Distorted anatomy can easily cause iatrogenic injury. Endometriosis, previous surgeries, large fibroids, severe pelvic prolapse can all change anatomy. I have transected a ureter because of endometriosis. I have injured bladders because of scarring from previous c-sections. The key is recognition and awareness.

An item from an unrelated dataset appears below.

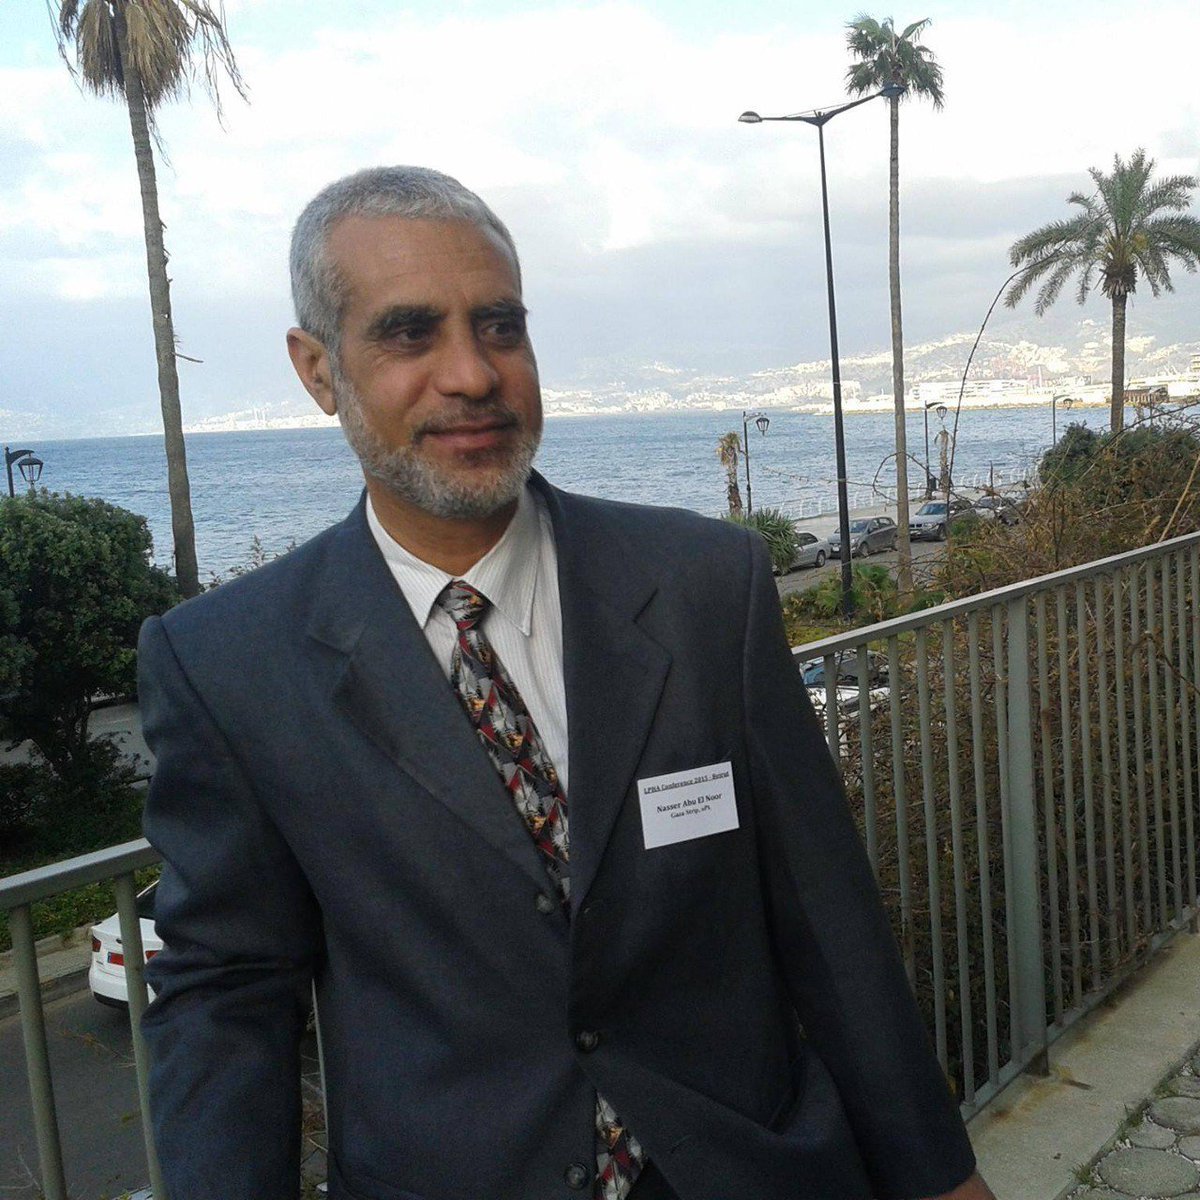 Professor Nasser Abu Al-Nour, Dean of the Faculty of Nursing at the Islamic University of Gaza, was killed in an Israeli airstrike along with 7 members of his family.

It's hard. We surgeons all like to think we are the best at this - it's how we got here. We all hate having a patient experience a complication.

As I told my ortho - who was feeling horrible for me - I was the best person for a complication because I understood.

Wednesday, January 28, 2015

OK, World

Can I PLEASE go just 1 week without some drama from my kids' schools? I'm really not liking these trips in. And then the ER visit either...

I really don't ask for much.

Wednesday, January 7, 2015

Prank

So I'm walking into the patient's room after being called in because she's ready to start pushing. Patient asks "Can I give birth in the tub?"

"That is not an option."

Turn to look at her mom, my good friend and coworker. "YOU put her up to that, didn't you?"

Whole room bursts into laughter.

I caused my friend to lose the bet - I didn't say "No fucking way."